We started with ruling out weekends, public holidays and outside business hours before we felt confident to conduct the experiment 24x7 (Thanks to automation!)
Random pod deletion interval was initially 15 minutes and later on settled for 60 minutes.

Fast forward a few weeks, we made a little contribution to the Chaoskube project and subsequent helm chart by adding the JSON formatted log feature which helps to run a better query with our Prometheus-Grafana monitoring duo. On that same note, Chaoskube logs the event when a pod gets deleted from a particular namespace.

Learning and the Path Ahead

We are still at the early stage of our chaos experiments in pre-production environments. The most important lesson so far has been the reinforced sense of confidence in the kubernetes ecosystem that it can survive reasonable disruption. More importantly, no stateful applications (e.g. elasticsearch, kafka) have been excluded from the experiment and thus ensures service continuity over the last 6 months or so in a baseline chaotic environment.

Without being too optimistic, have we realised the full potential of chaos engineering discipline already? The answer is “No”. The truth is, we have a long distance to travel. But in the short term, we can take some more concrete steps to reap more benefits off of it.

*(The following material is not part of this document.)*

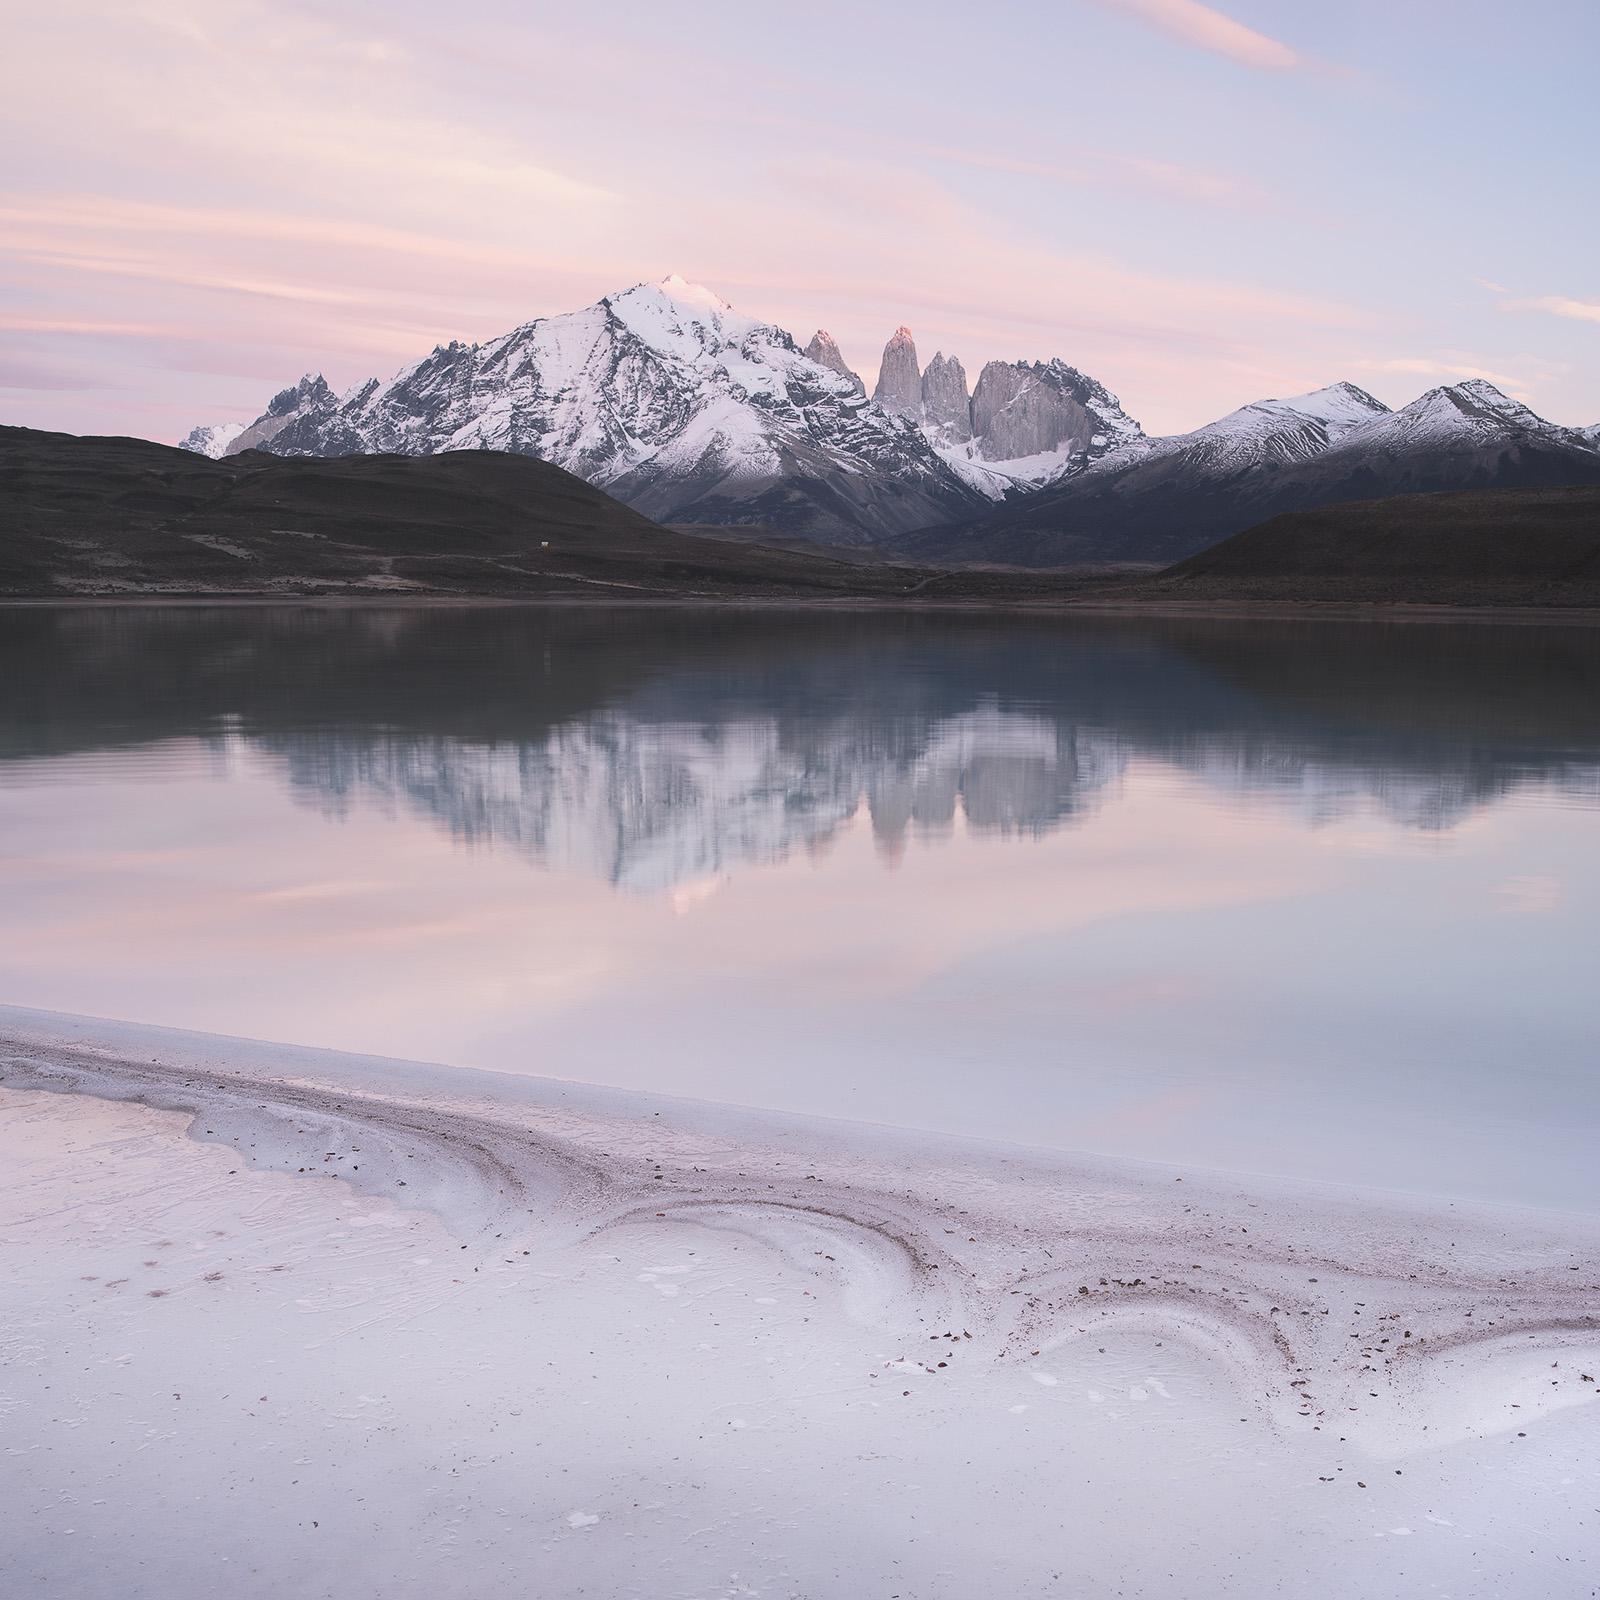 Lago Armaga, study#2 - Torres del Paine, Patagonia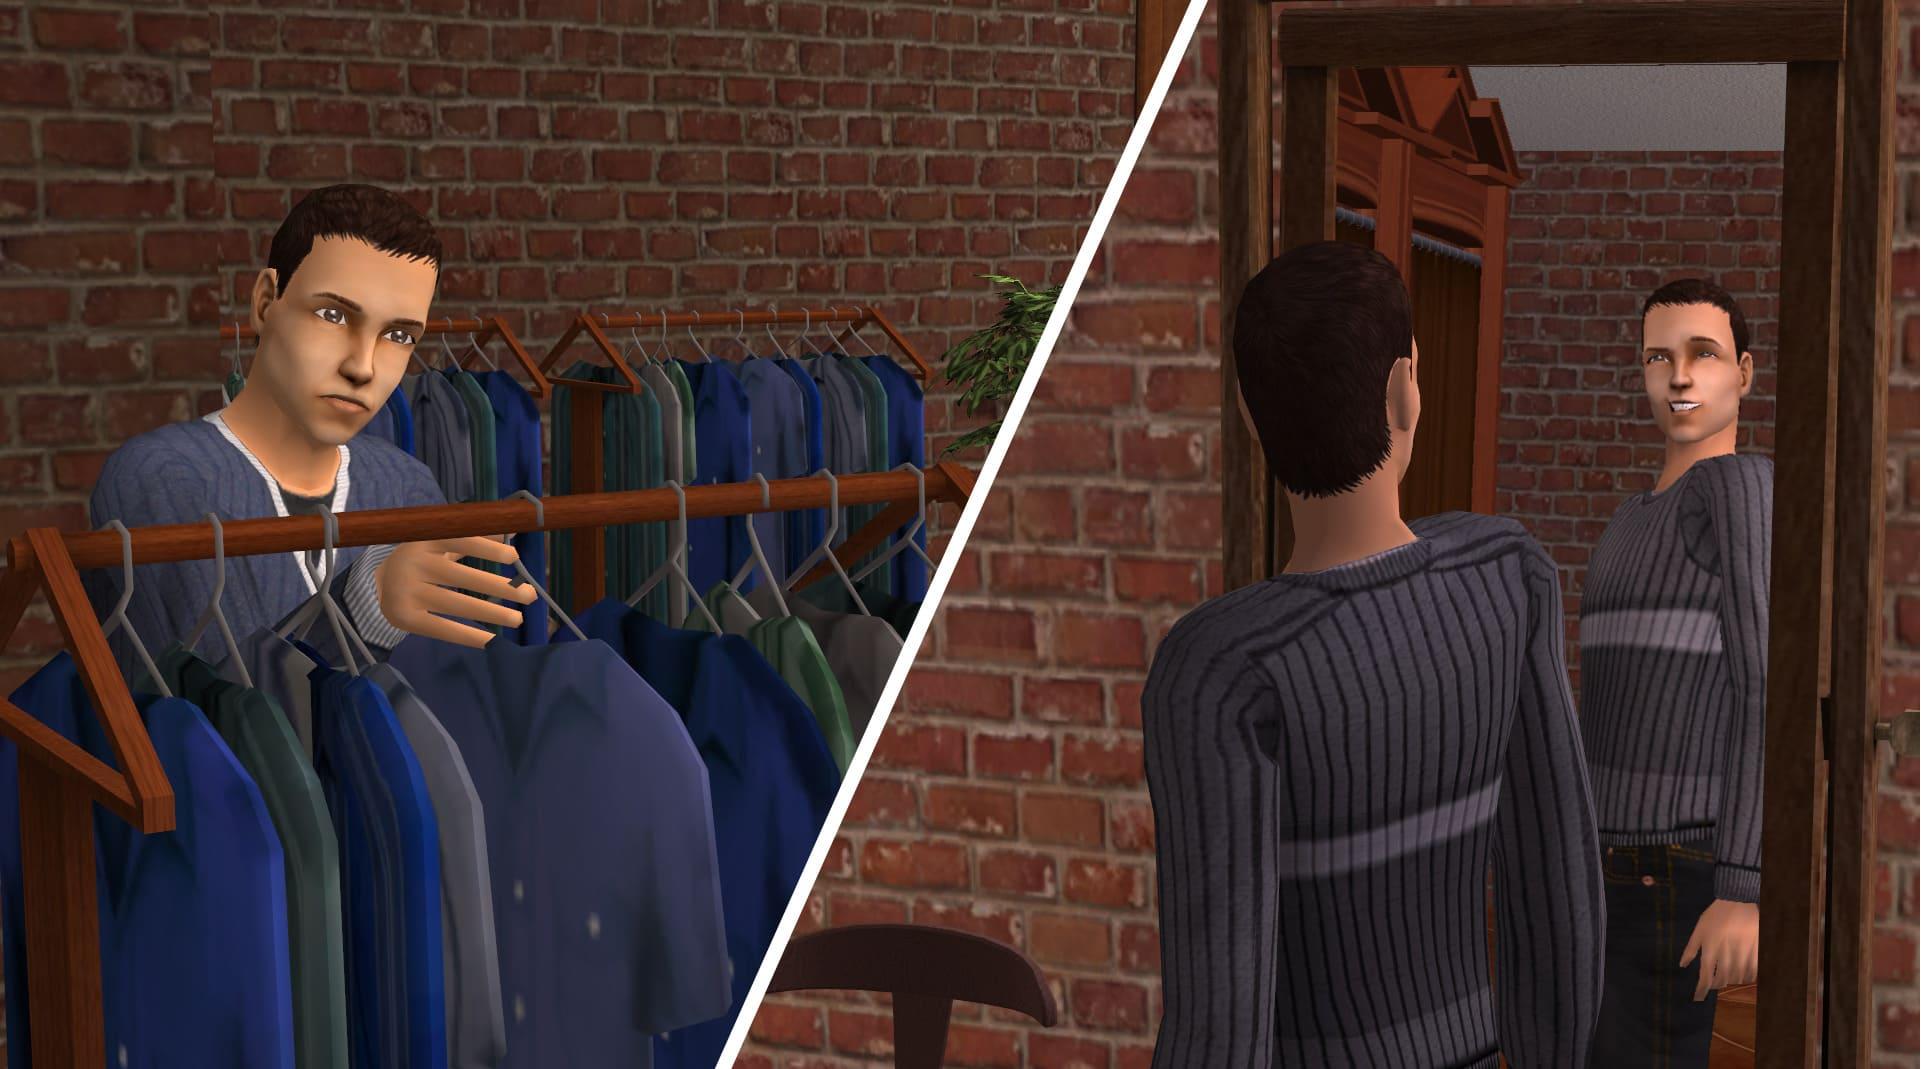 Cinque dettagli di The Sims 2 che ci mancano tutt'oggi - Acquistare vestiti

We can run one or more GameDay utilising existing Chaoskube deployed in test and development clusters. It can be carried on simply by reducing the attack interval from 60 minutes to 15 minutes to 5 minutes.
Chaoskube deployment can easily be extended to the production environment, starting with a much safer attack interval and tuning it later based on the learning.
Introducing chaos in the kubernetes node (i.e. EC2 instance) level by exploiting something similar to ChaosMonkey.

Once the primary phase of chaos experiments are over and thus enough is learned and further the learning is fed back to the systems and process, more critical components of the platform (e.g. DNS) can be experimented with. In reality, controlled chaos should never stop, since we would rather not find ourselves in an unexpected one.